THE PROBLEM: All pictures are to be omitted while the lines starting at the line with "TRIO ラジオ会館店の紹介画像です" and ending at the line with "Eveready Dolphin 6v Lantern Batteries 1 Pack" in the material below are retyped exactly, both ends included.

LISTED RECORDS:
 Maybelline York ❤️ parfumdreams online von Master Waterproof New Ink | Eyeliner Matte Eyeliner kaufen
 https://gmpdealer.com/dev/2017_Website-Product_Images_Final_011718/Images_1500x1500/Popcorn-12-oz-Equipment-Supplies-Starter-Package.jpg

==

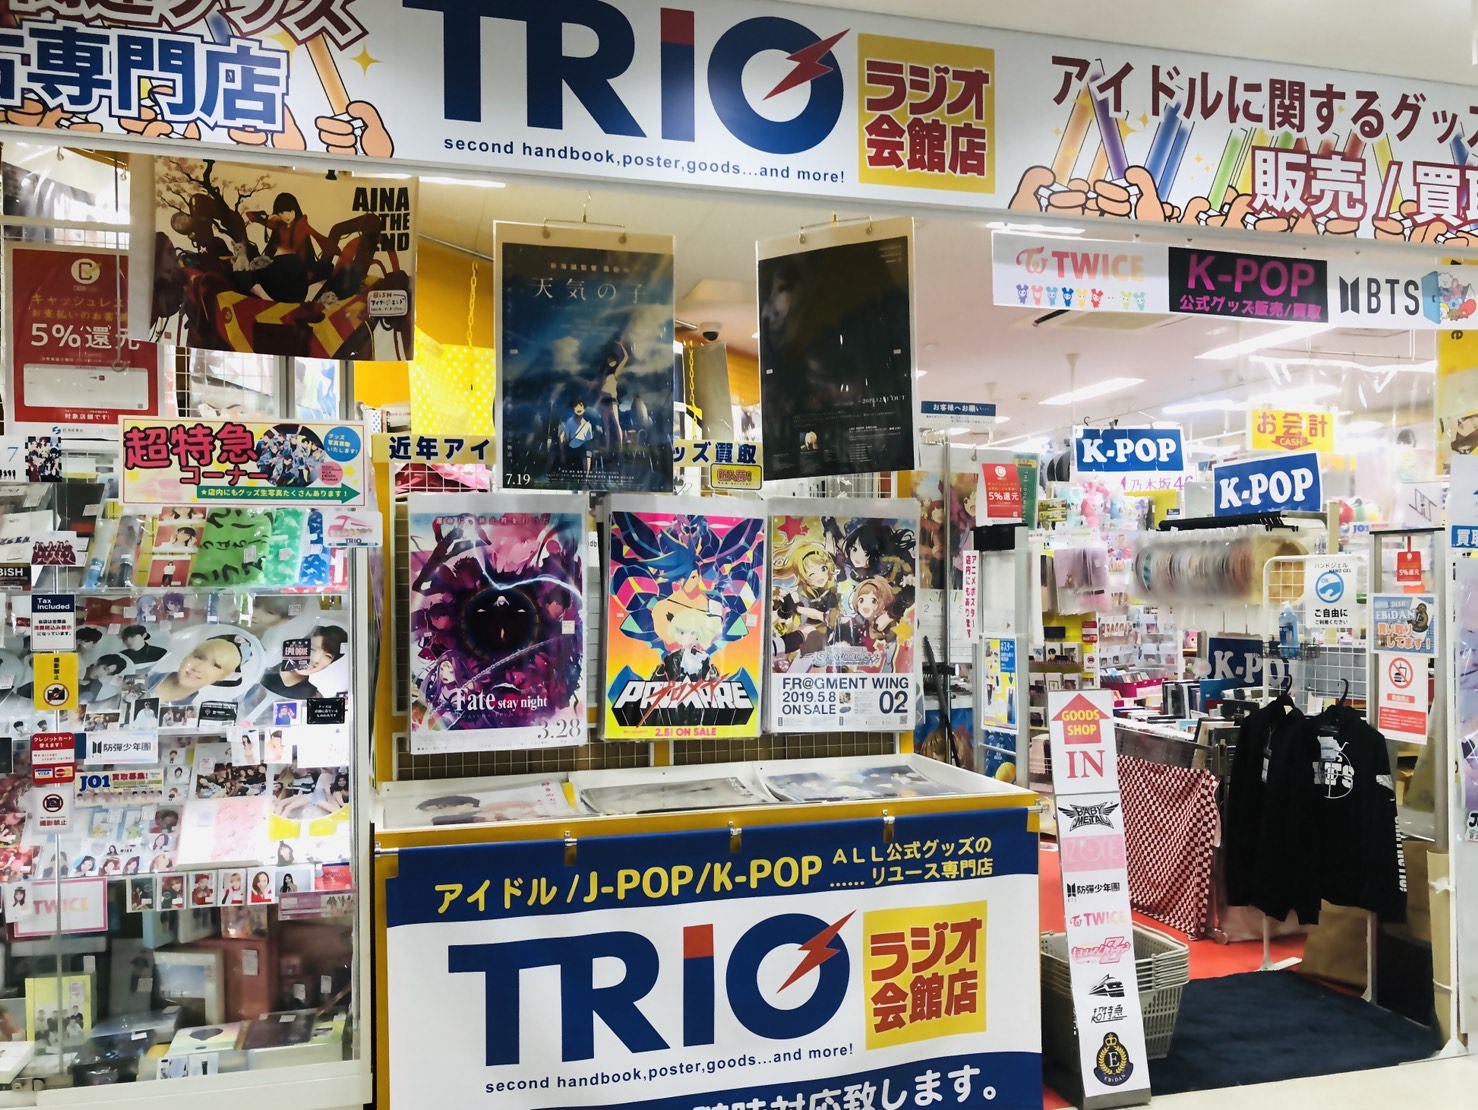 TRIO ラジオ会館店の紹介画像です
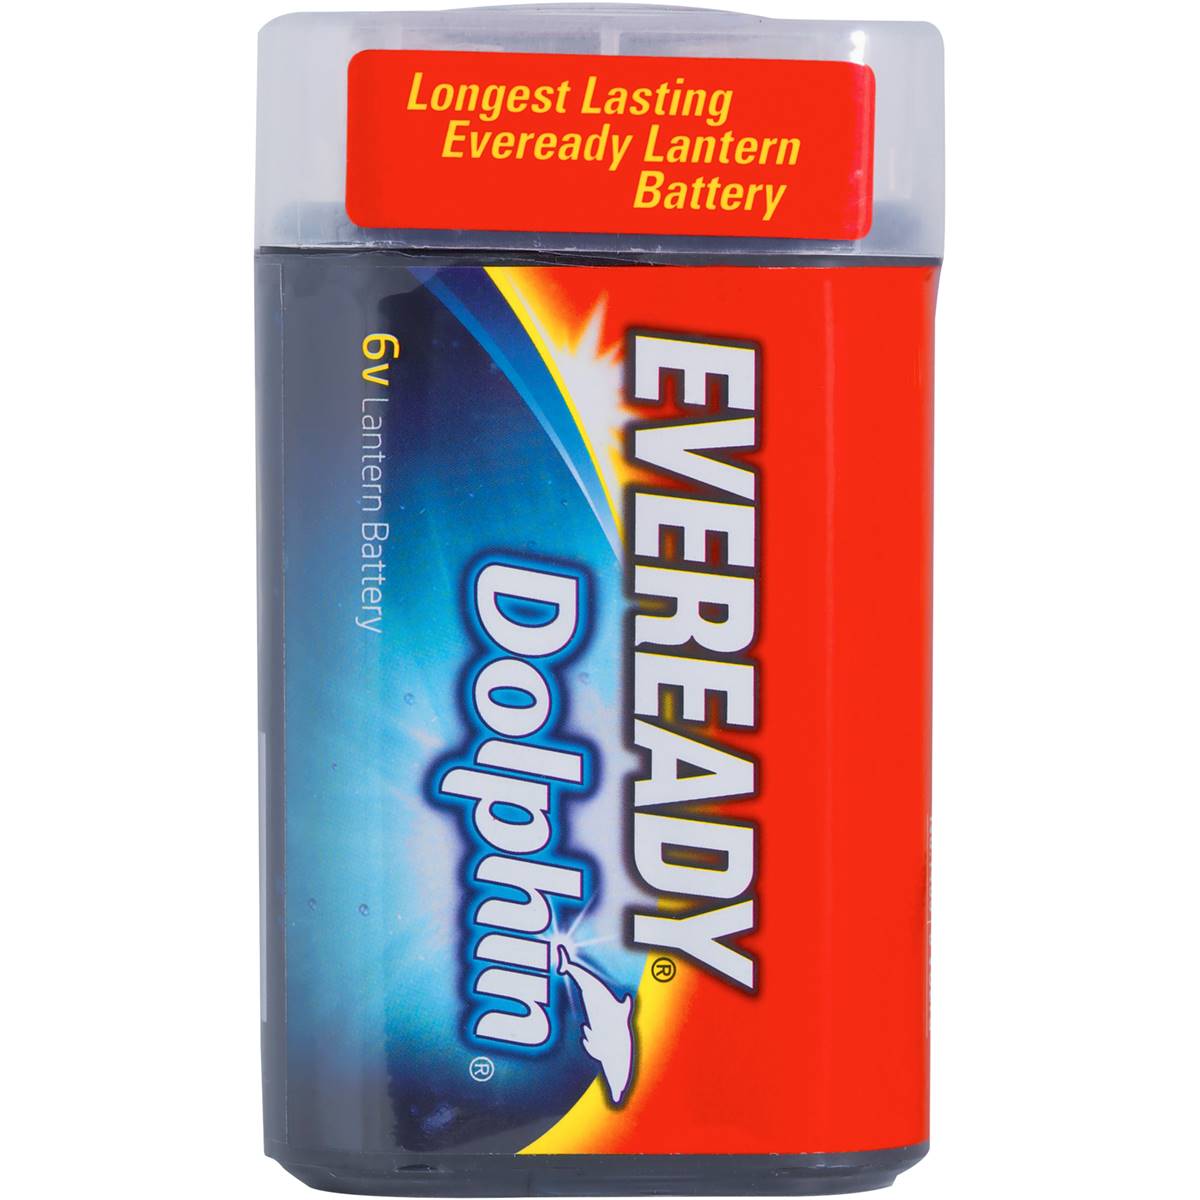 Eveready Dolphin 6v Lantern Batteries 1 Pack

* * *

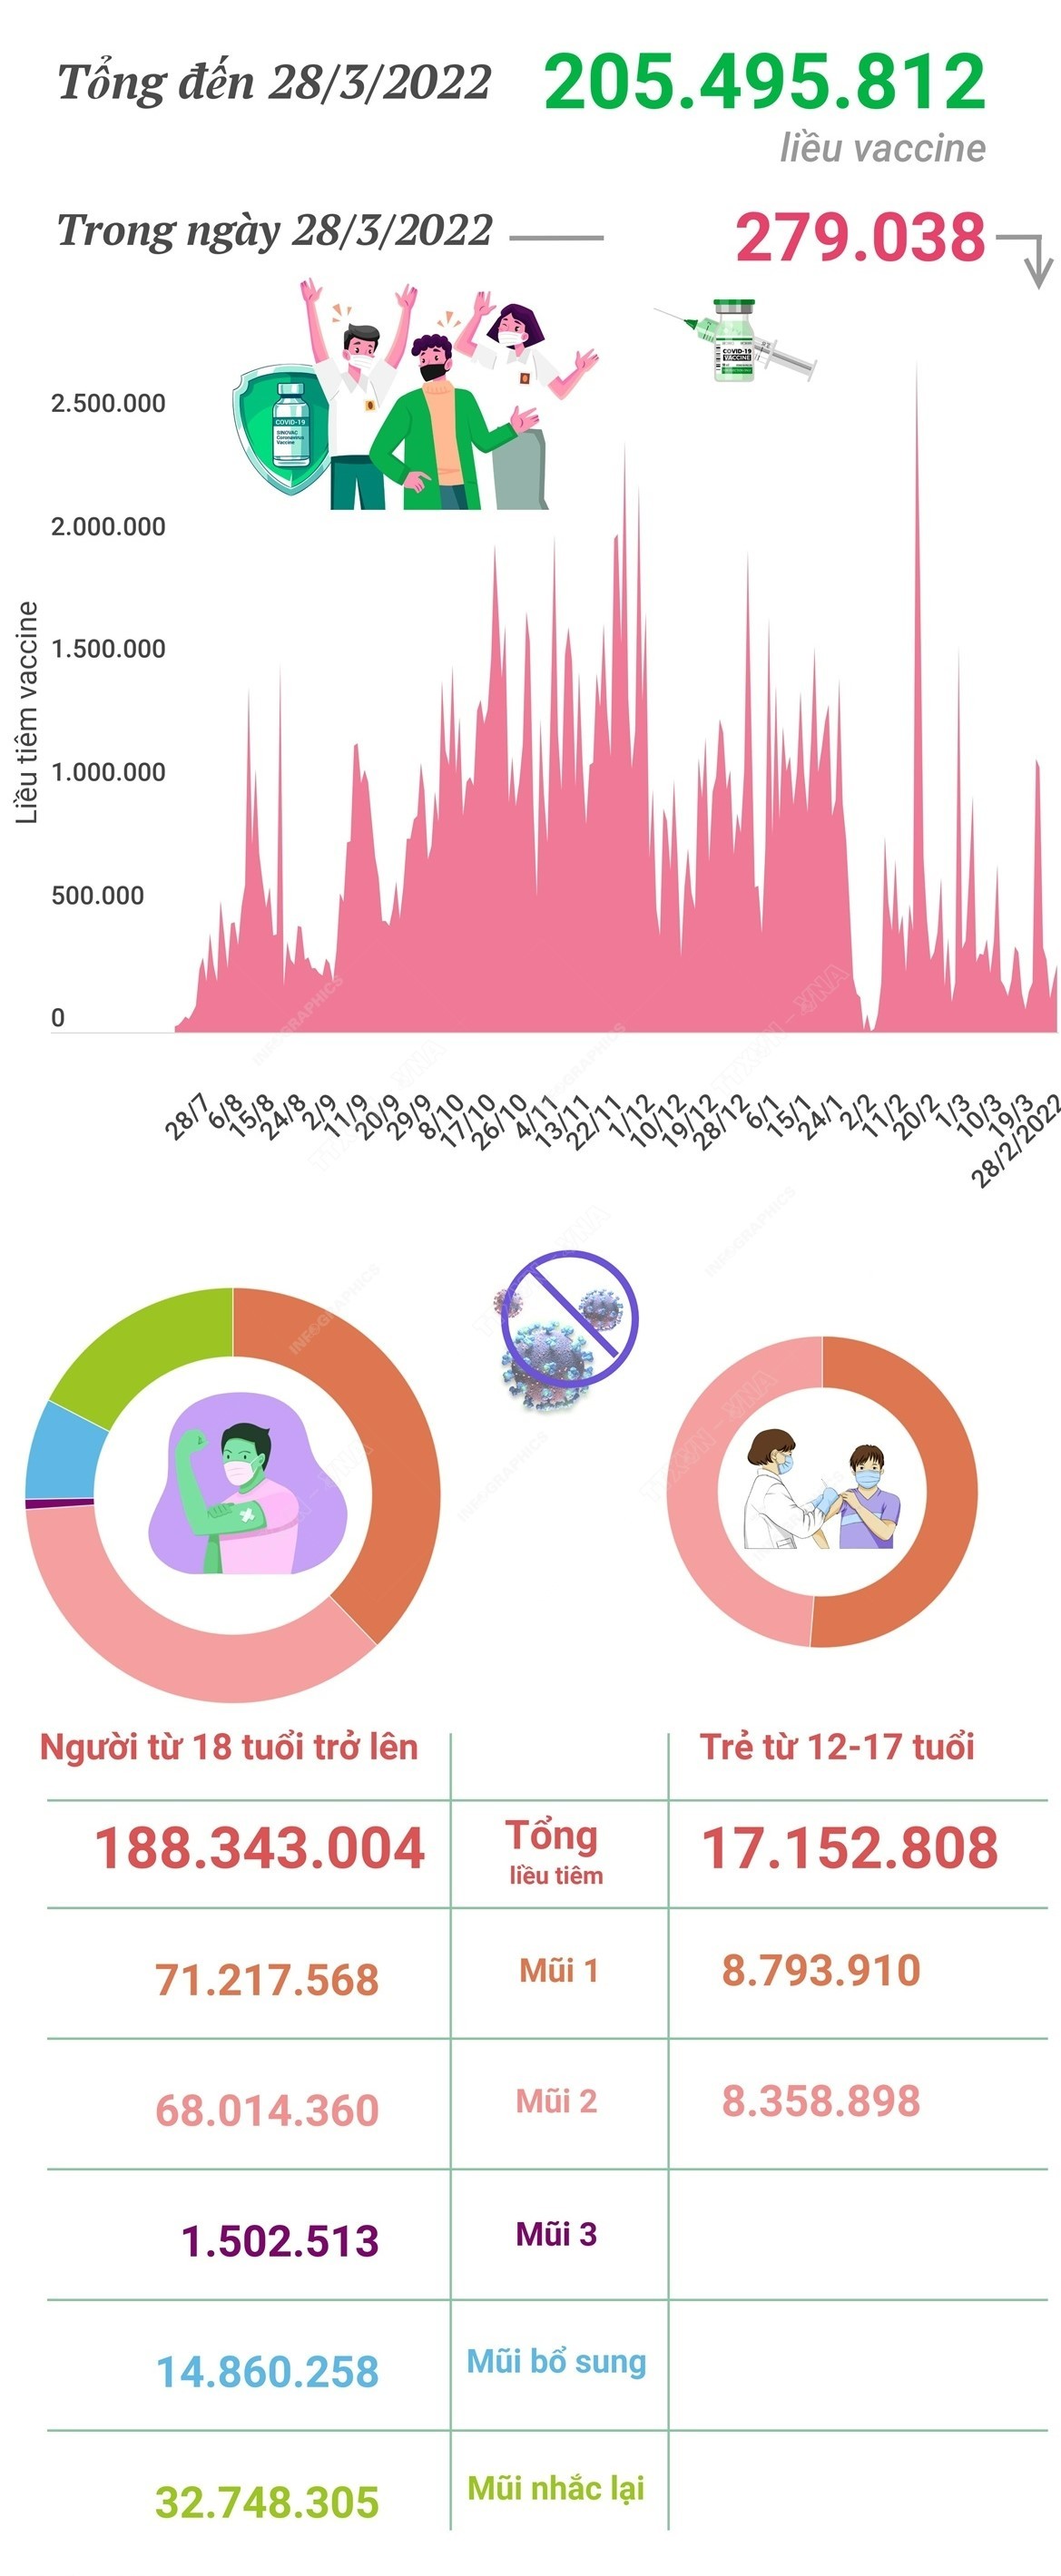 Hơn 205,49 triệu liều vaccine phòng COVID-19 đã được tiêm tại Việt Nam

ANSWER BOX:
 TRIO ラジオ会館店の紹介画像です
 Eveready Dolphin 6v Lantern Batteries 1 Pack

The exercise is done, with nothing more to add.